The Neo Phaliron Velodrome (New Phaleron) was a velodrome and sports arena in the Neo Faliro District of Piraeus, Greece, used for the cycling events at the Athens 1896 Summer Olympics.  The property was donated by the Athens-Piraeus train company to the Hellenic Olympic Committee. It became the home of two football clubs which expanded into more sports: Ethnikos Piraeus (1923) and Olympiacos CFP (1925).

The venue was enlarged in 1964 and named after Georgios Karaiskakis, a Greek military commander and a leader of the Greek War of Independence, who died nearby the stadium. The second stadium hosted the 1969 European Athletics Championships and the 1971 UEFA Cup Winners' Cup Final.

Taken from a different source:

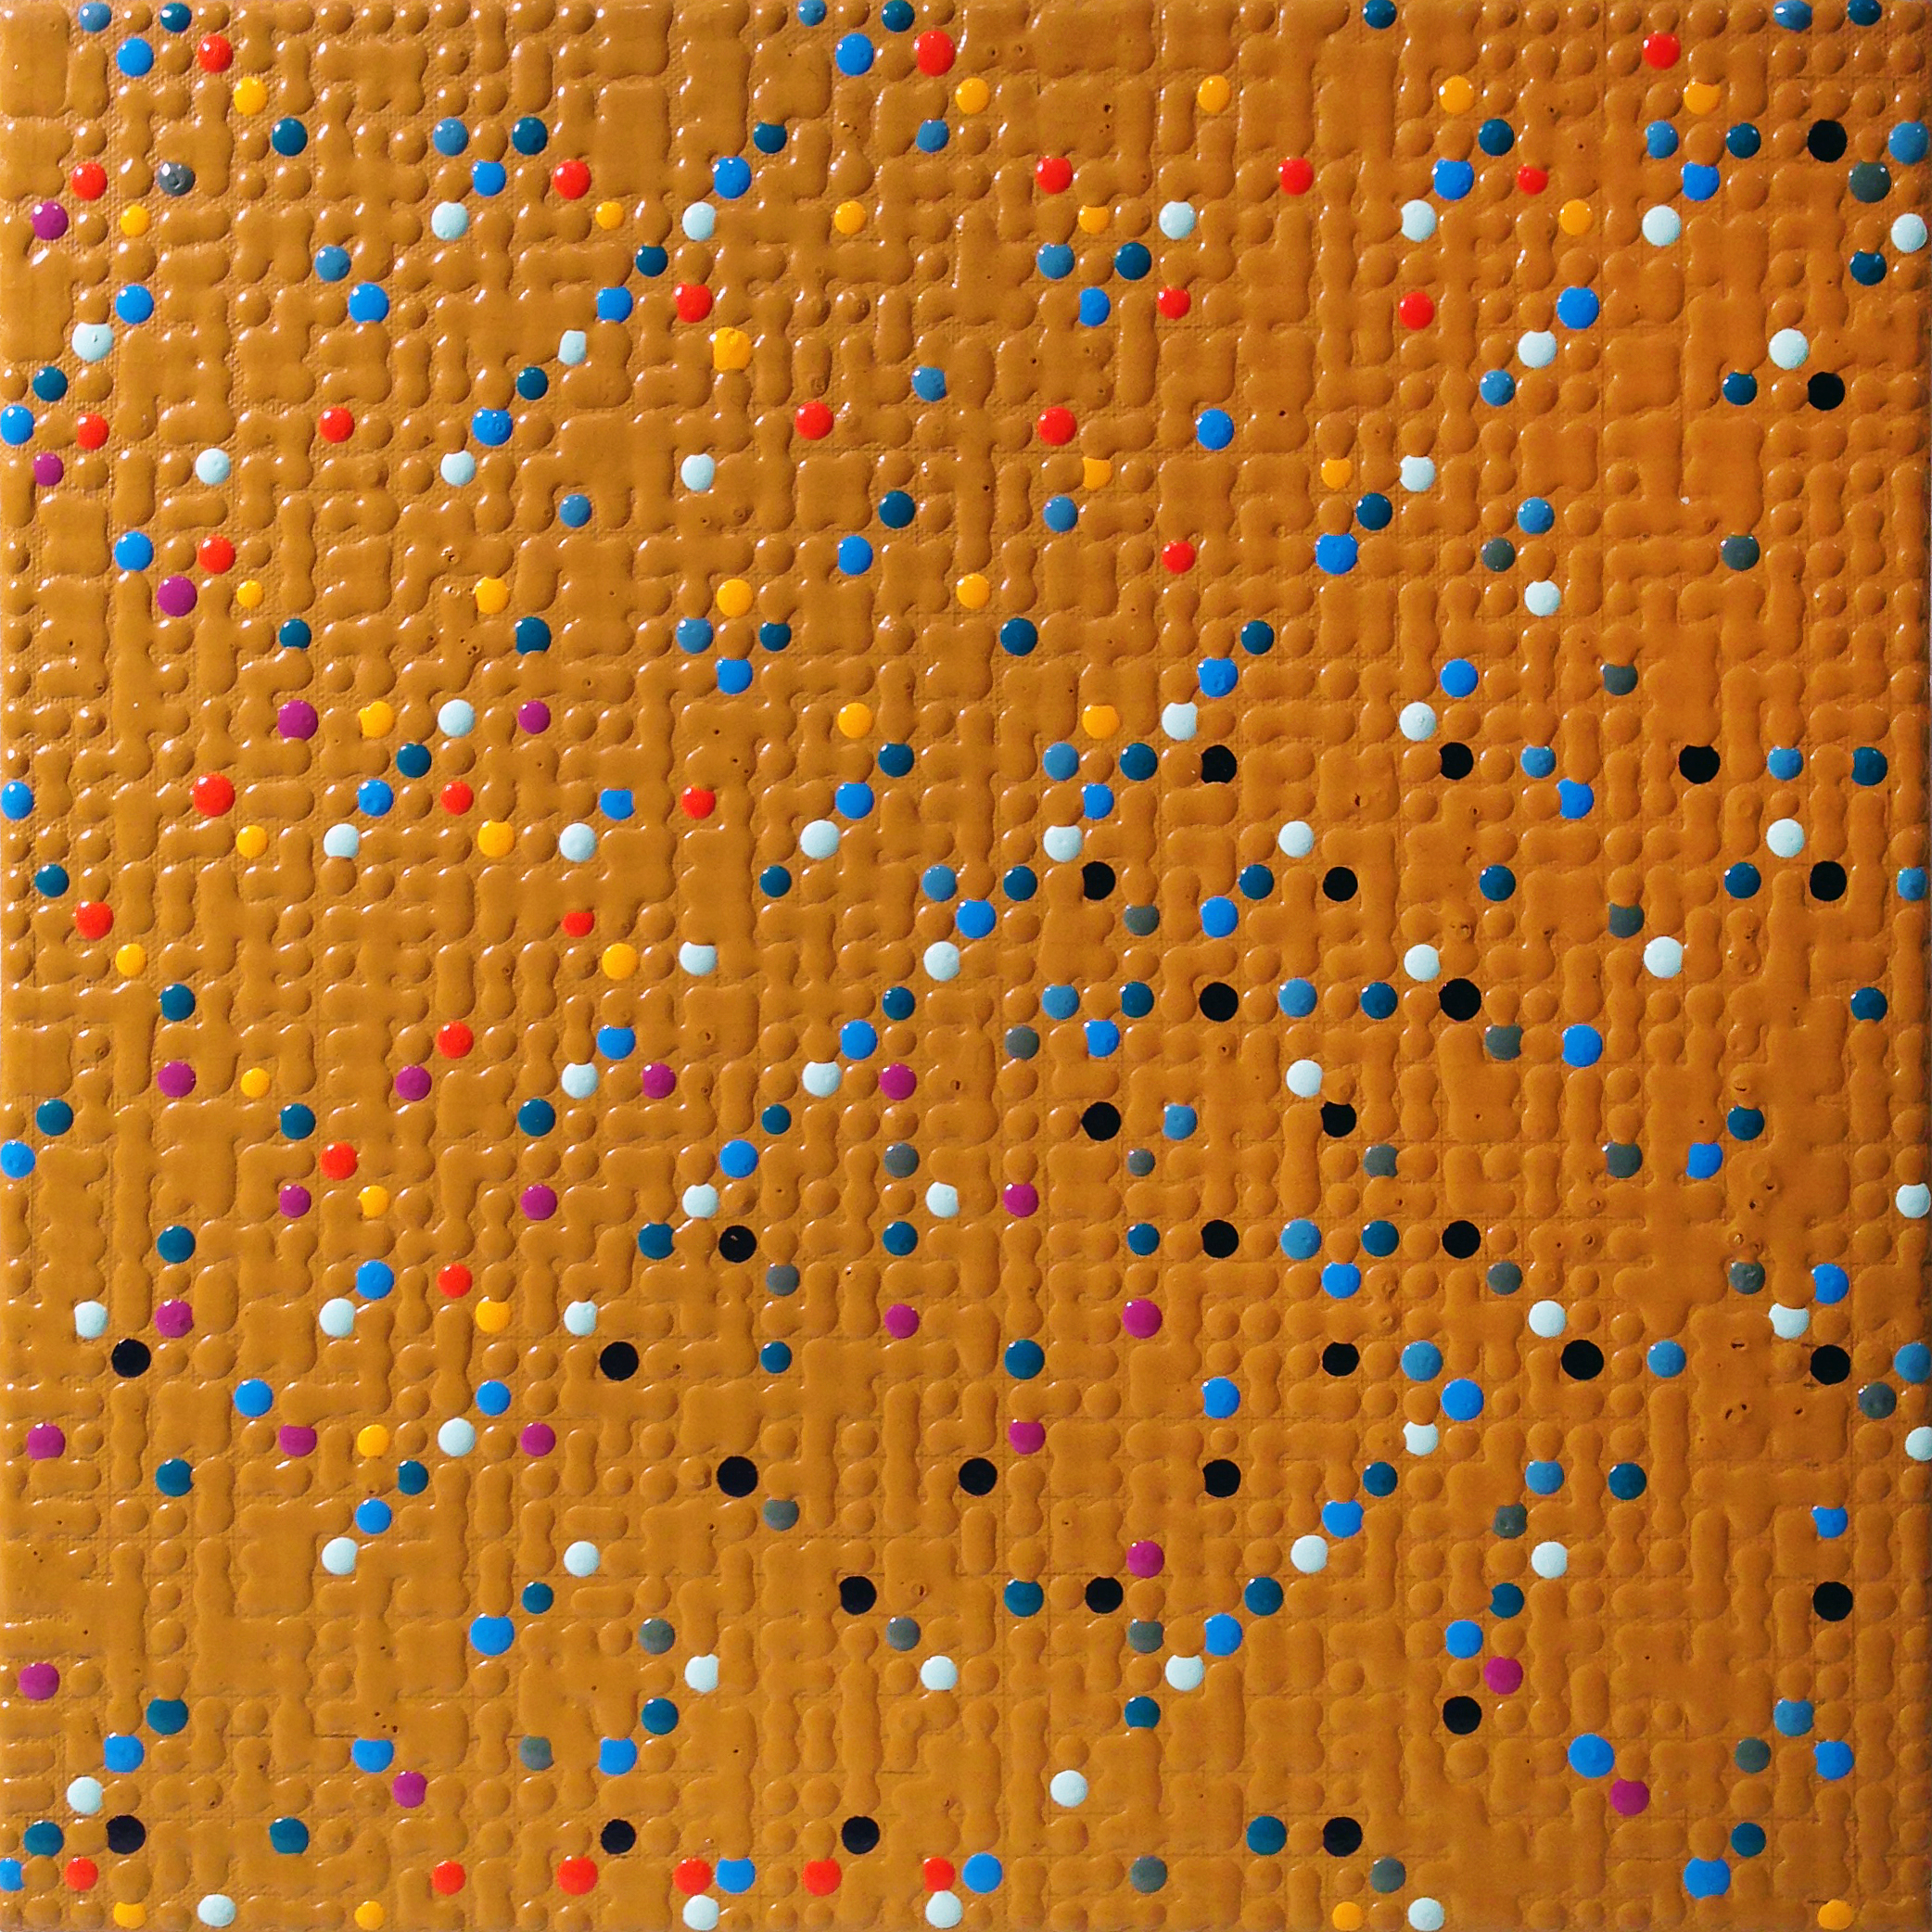 Primary Array #17, acrylic on canvas, 2008, 12 x 12in | 30 x 30cm

Georgios Karaiskakis Stadium was completely rebuilt in 2004, when it hosted several games of the football tournament in the 2004 Summer Olympics, including the Women's Gold medal match. In 2022, it is the second largest football venue in Greece with a capacity of 32,115 spectators. It's the home of football club Olympiacos F.C.

References

Notes

External links
1896 Summer Olympics official report. pp. 74–75 in Volume II, but shown as pp. 194–95 in pdf file for 27 March 1896 in report and pp. 97–99 in Volume II, but shown as pp. 217–9 in pdf file for 30 March 1896.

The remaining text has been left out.